Use Python without installing on Windows

4 minute read

For some weeks, I went back to Barcelona to renew documents and meet friends. And, of course, to enjoy the sun but that's implicit :)

(this is not the friend I talk about in the story!)

It’s funny how on videocalls you usually don’t get past the life updates, but in a face to face conversation everything flows better. While I’m a fan of working remotely, I do appreciate that f2f has its advantages. It was in one of those where a friend was telling me how in his work as an Industrial Engineer he needs to do what I usually call a “monkey job”, many times a month.

Disclaimer:

  • The code in this post is not optimal, and does not pretend to be. But it works, and my friend does not really care about it taking 1 or 5 seconds, or some stuff being hardcoded. The objective is just to show something working end to end.
  • I did all development in my Bootcamp’d Windows 10, where I installed Python. Tested in two native Windows 10 machines, where Python was not installed.

The problem

My friend works, among many other things, configuring the sensors and widgets that interact with chemical reactors to produce drugs. Oftentimes, he needs to modify the configuration by updating some values. His current approach is to open the file with Notepad++ and use find/replace some dozens of times. In addition to automation, he would like to delegate the task to to more junior employees but it is somewhat risky as any mistake might make the whole production to stop.

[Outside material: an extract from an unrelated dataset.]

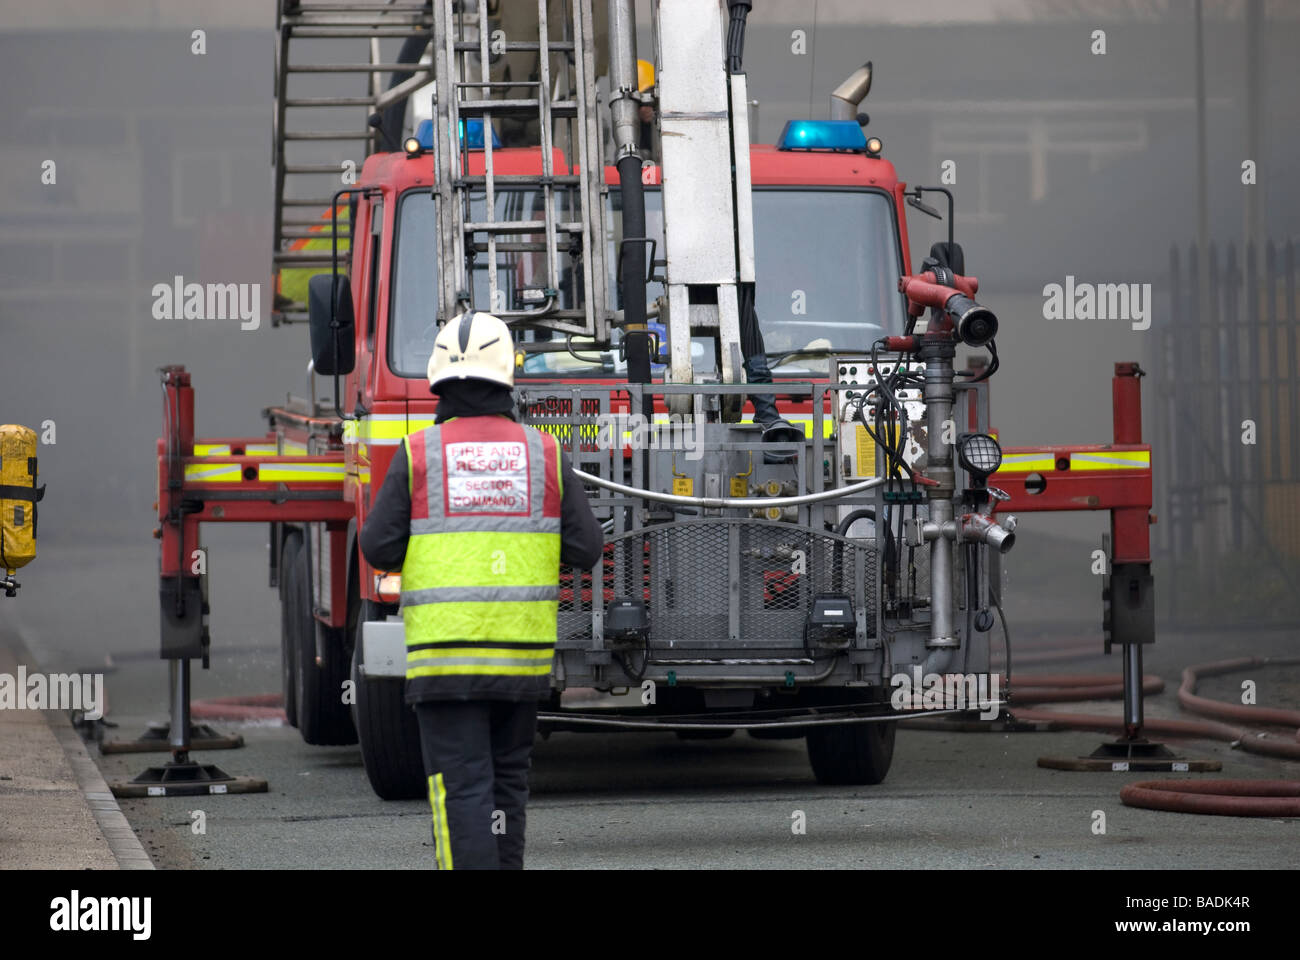 Firefighter in front of fire brigade hydraulic platform FULLY MODEL RELEASED Stock Photo

In this regard, he was asking me whether this could be automated, and how I would do it. As a Data Scientist working 99% of the last 6 years with Python, I obviously suggested to use this. The way I framed it was the following. Someone (him) would add a configuration file where each row would be a tuple with the keyword to find and the keyword to replace. Then, a Python script would take the input file and generate an output file given the configuration. For someone seasoned in Python, the above is no more than 10min coding. Easy-peasy.

Let’s see an example of what I had in mind after my first answer:

config.csv:

 input,output
 PROTOCOL_A, PROTOCOL_B
 DRUG_X, DRUG_Y

main.py:

 import re
 import pandas as pd

 if __name__ == "__main__":

     config = pd.read_csv("config.csv", index_col=0).output.to_dict()
     print(config)

     with open("input_file.csv", "r") as f:
         text = f.read()
     print(text)
     print()
     for input_value, output_value in config.items():
         text = re.sub(input_value, output_value, text)

     print(text)
     with open("output_file.csv", "w") as f:
         f.write(text)

Cool, so with a few lines of code it's solved. My friend, though, does not know Python at all, and his natural follow-up question was:

  • Ok, but how Python works? Do I have to install anything?
  • Well… yes. But it’s minimal. Nothing to worry about.
  • I don’t want to install anything. Can’t we do this with a “.exe” or “.bat”? I’m sure you can code in Windows without having to install Python.

While for some folks the above questions might be excessive, there is an underlying motivation in all these, which I then discovered. He wants to use this in the client’s machine, having Windows, where he cannot install anything.

The solution

CX_freeze is a Python library that

creates standalone executables from Python scripts, with the same performance. It is cross-platform and should work on any platform that Python itself works on.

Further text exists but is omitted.